◆ THE PROBLEM ◆
Transcribe nothing except the lines below that run from the one with "Jornal O Alto Taquari - 14" to the one with "Set Coffee Labelbanner", ends included, and do not copy any picture.
[[ DATA EXTRACT open ]]
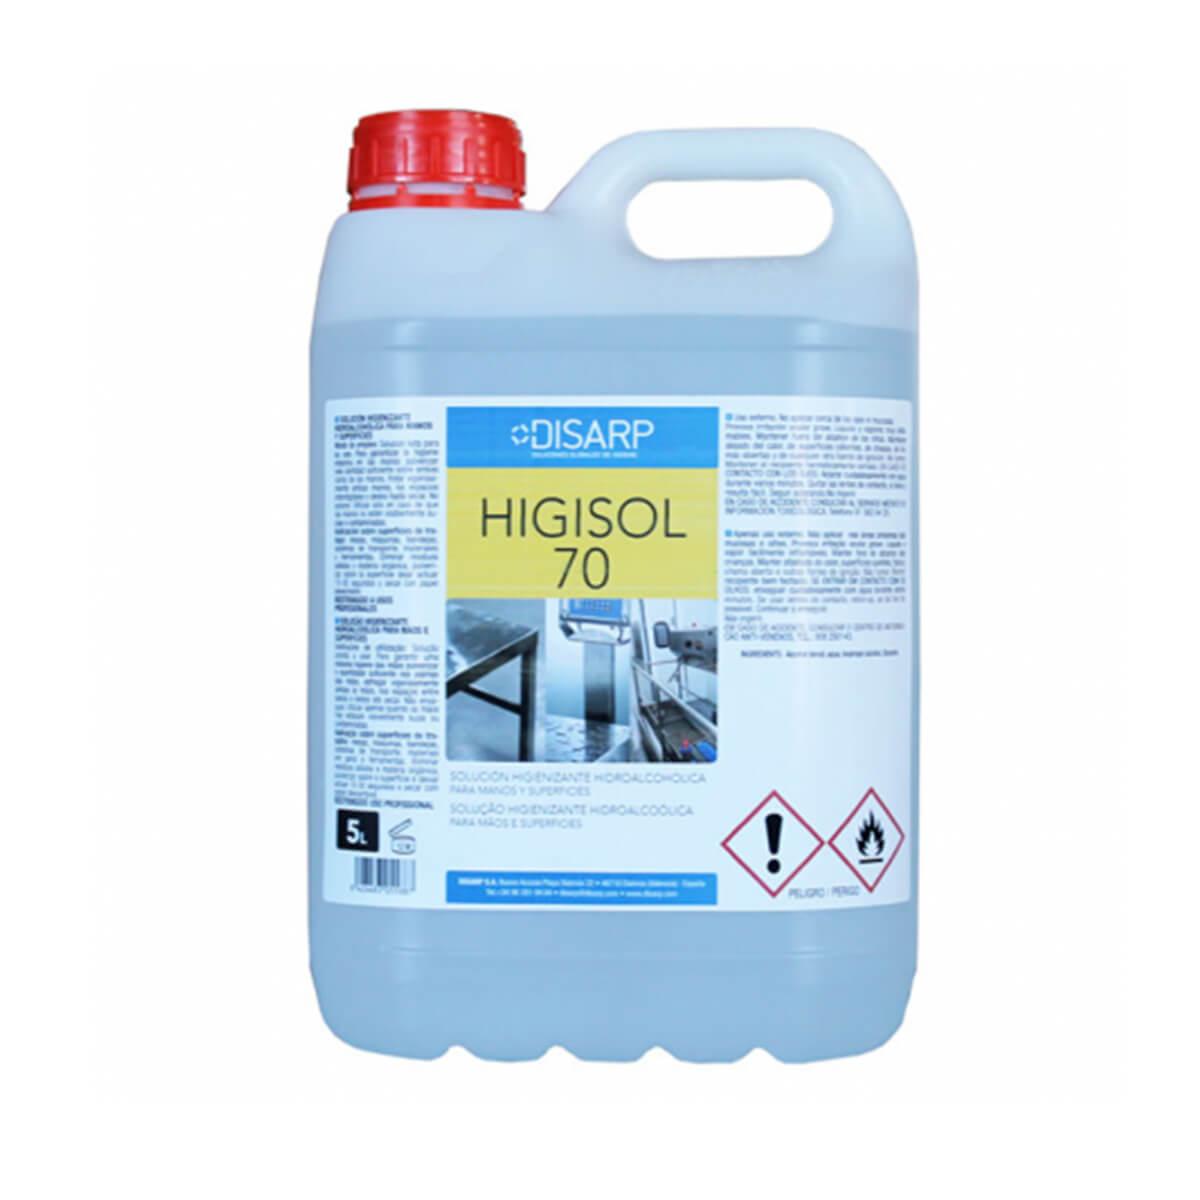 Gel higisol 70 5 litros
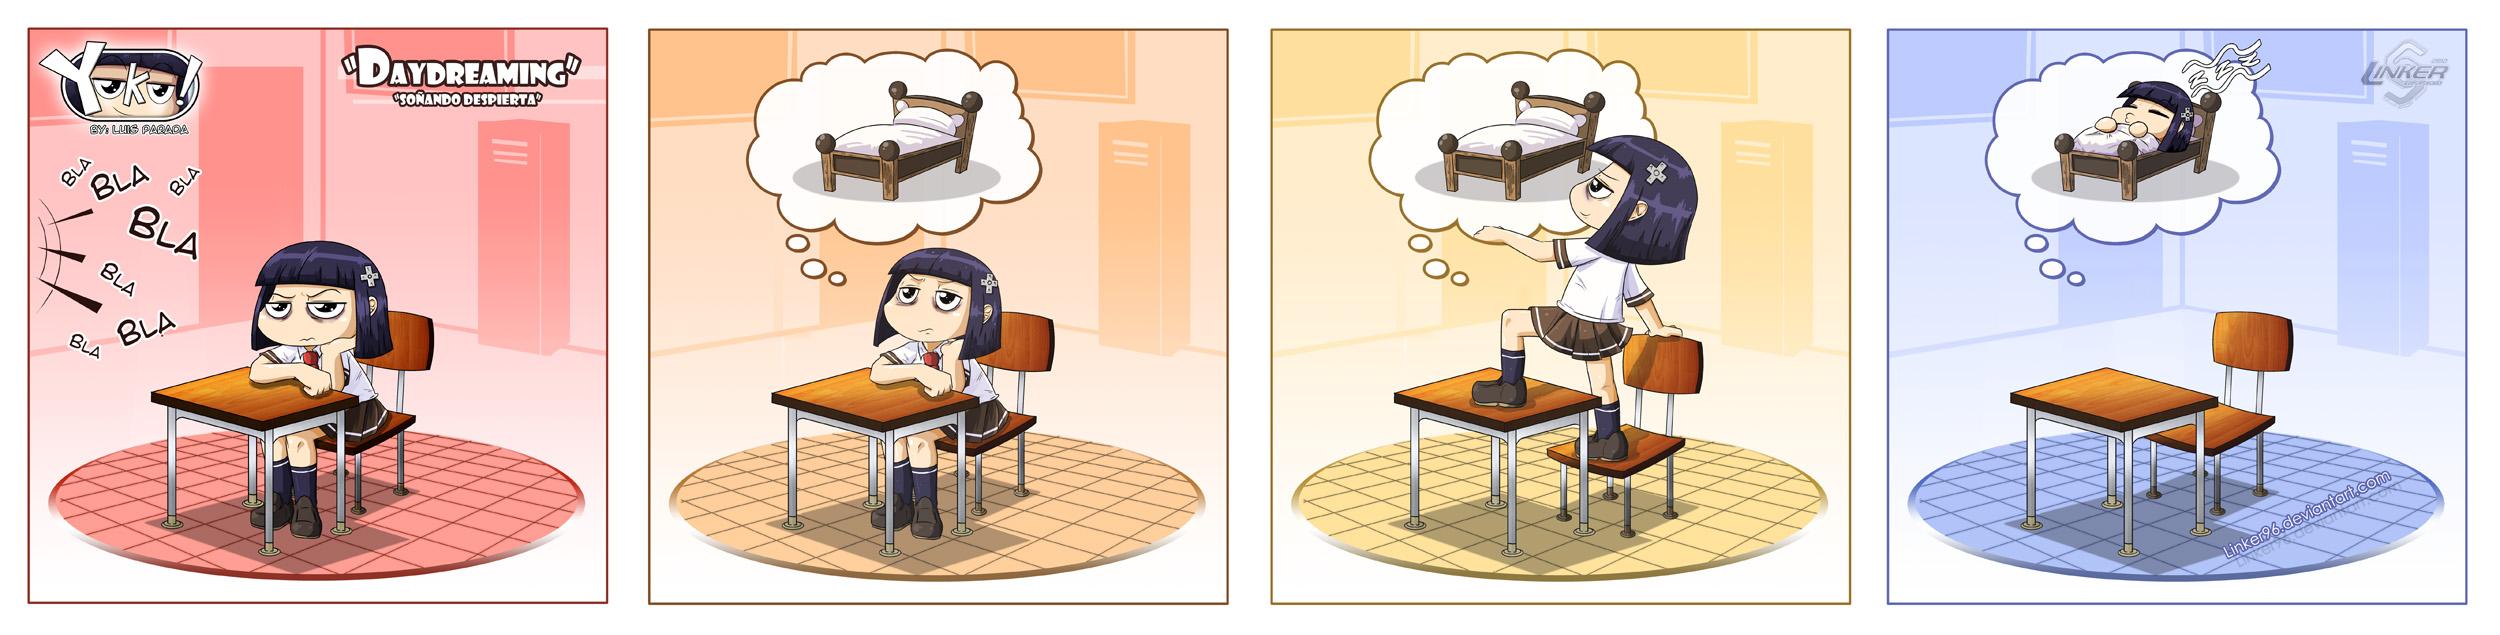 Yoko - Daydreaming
[[ DATA EXTRACT closed ]]
[[ DATA EXTRACT open ]]
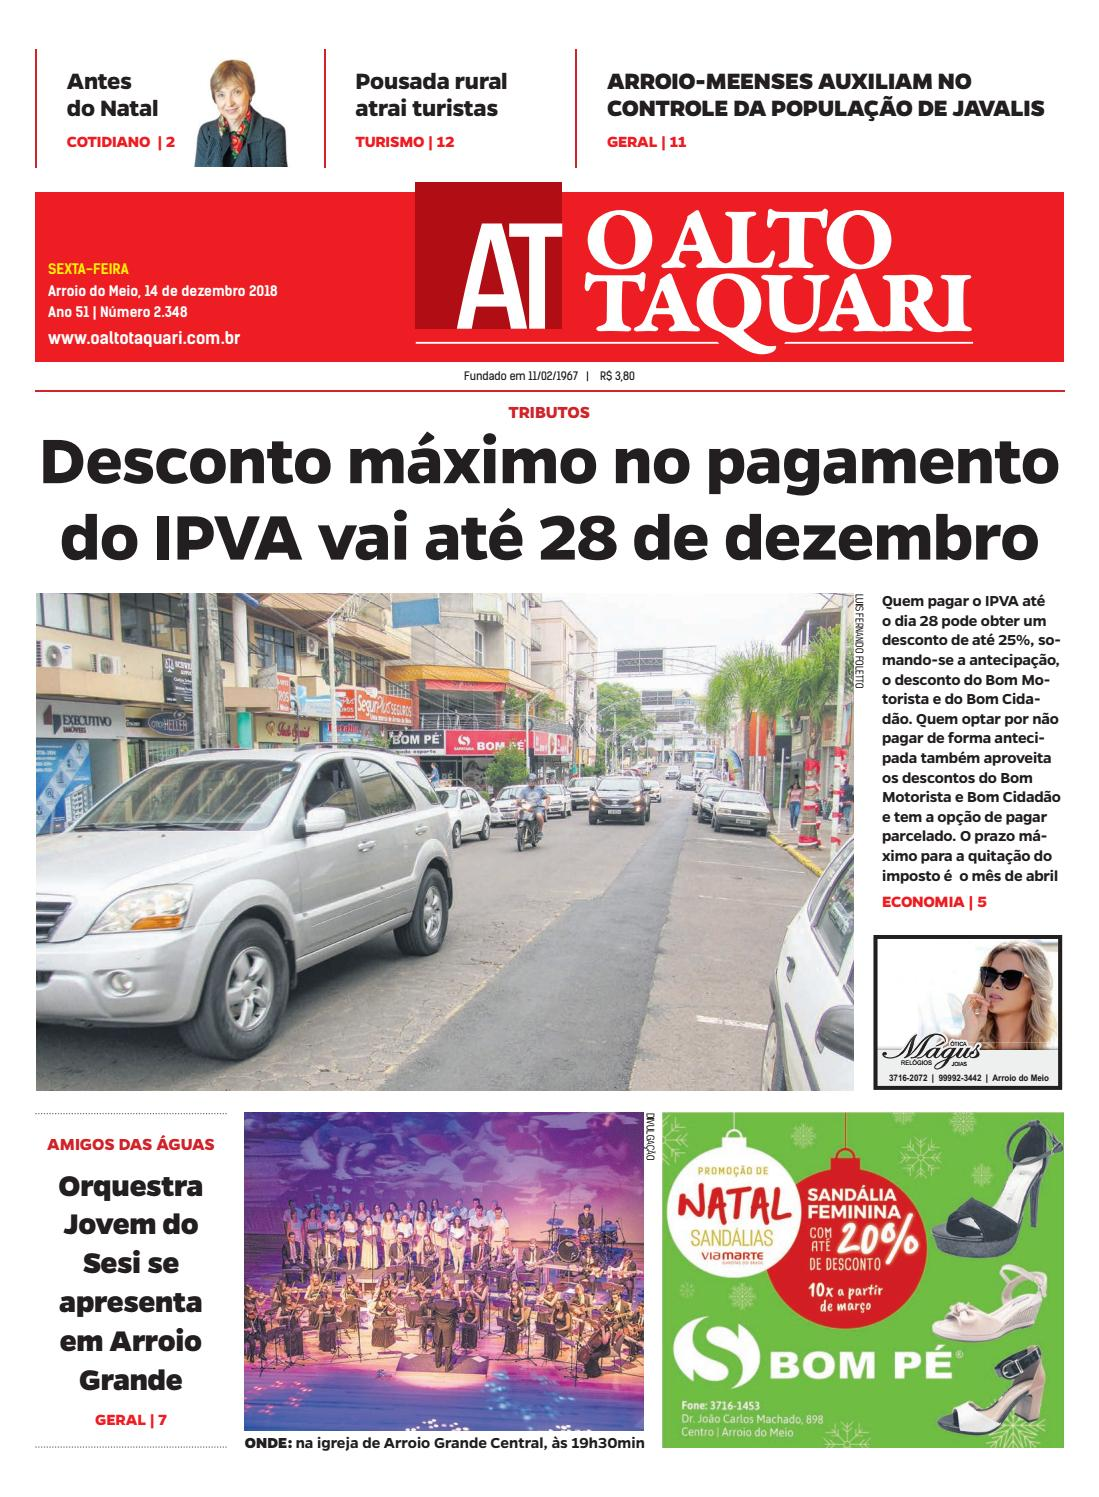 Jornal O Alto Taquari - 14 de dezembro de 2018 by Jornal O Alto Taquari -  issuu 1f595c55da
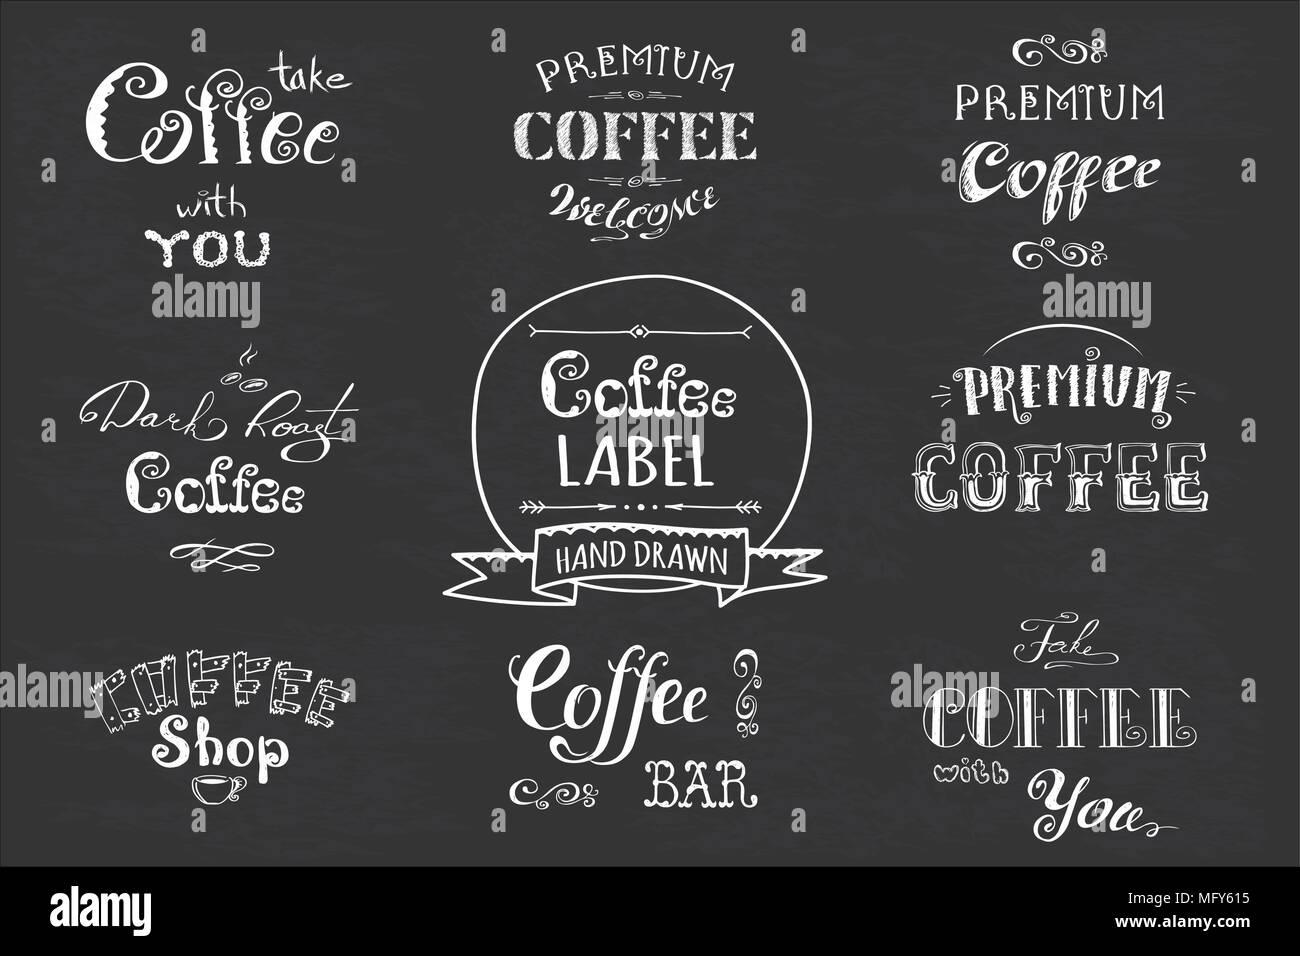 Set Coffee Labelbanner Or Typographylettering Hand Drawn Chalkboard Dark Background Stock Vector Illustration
[[ DATA EXTRACT closed ]]
[[ DATA EXTRACT open ]]
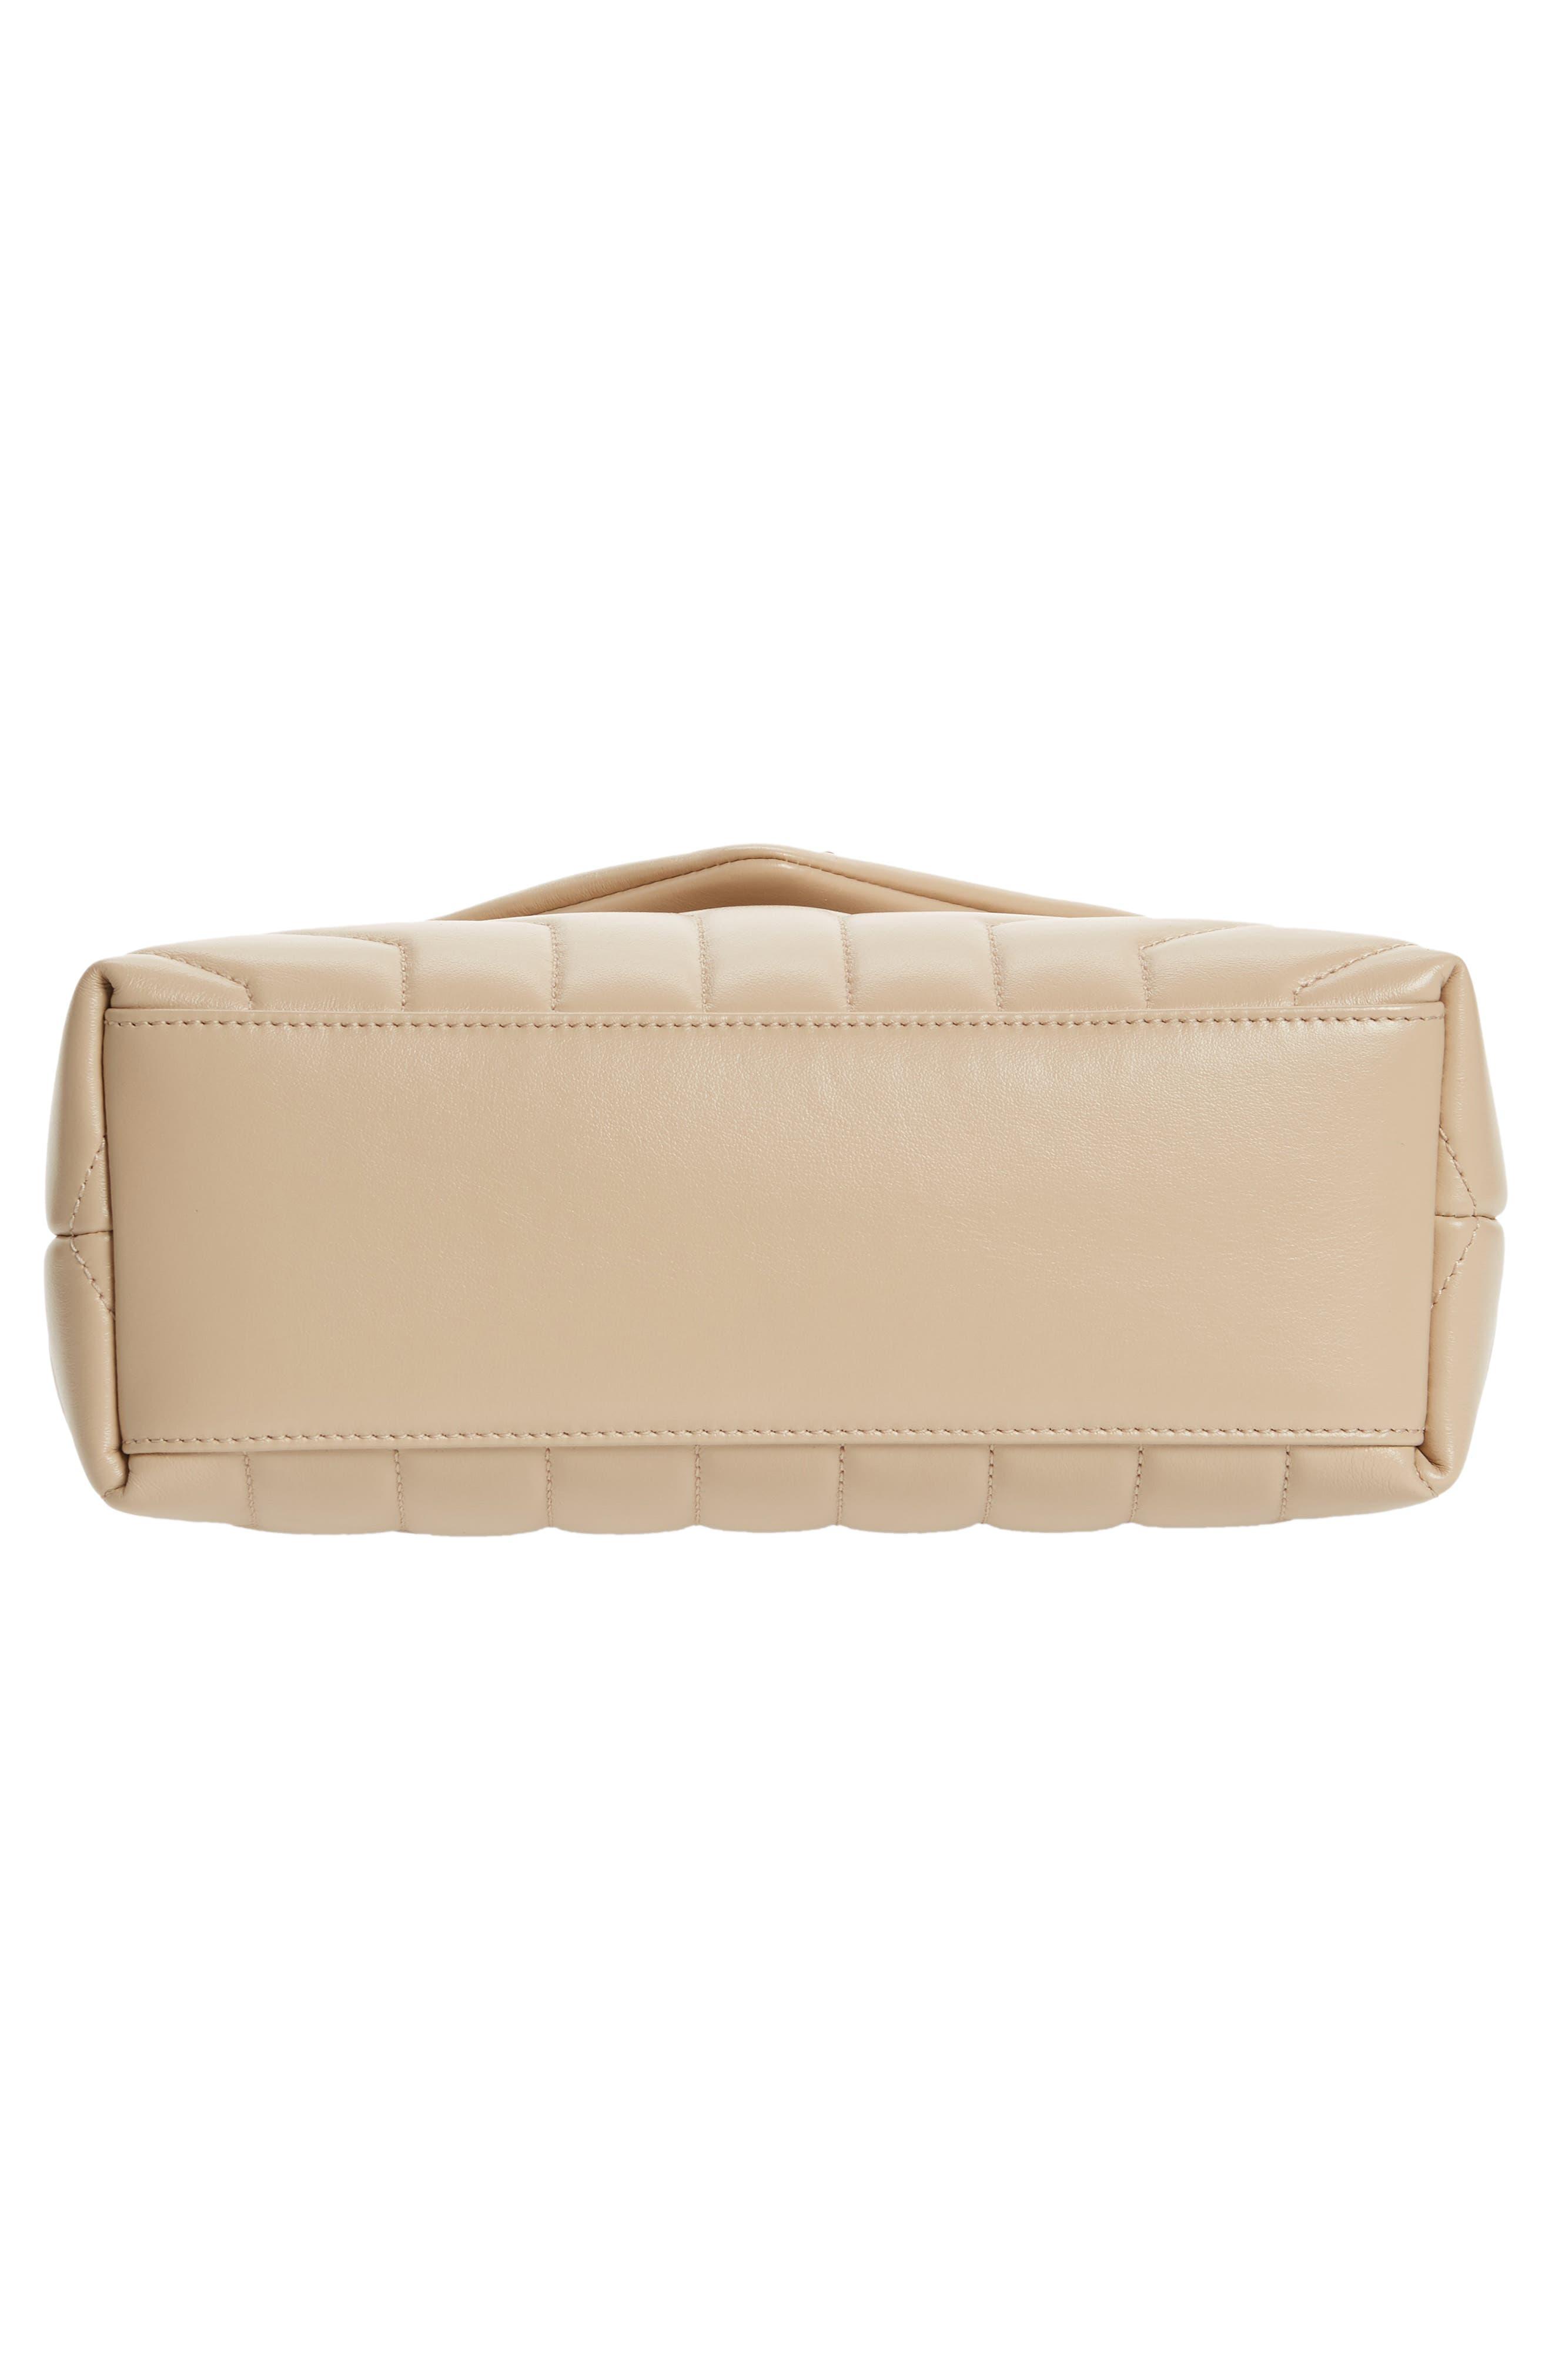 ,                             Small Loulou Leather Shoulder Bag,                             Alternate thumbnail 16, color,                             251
[[ DATA EXTRACT closed ]]
◆ ANSWER SECTION ◆
 Jornal O Alto Taquari - 14 de dezembro de 2018 by Jornal O Alto Taquari -  issuu 1f595c55da
 Set Coffee Labelbanner Or Typographylettering Hand Drawn Chalkboard Dark Background Stock Vector Illustration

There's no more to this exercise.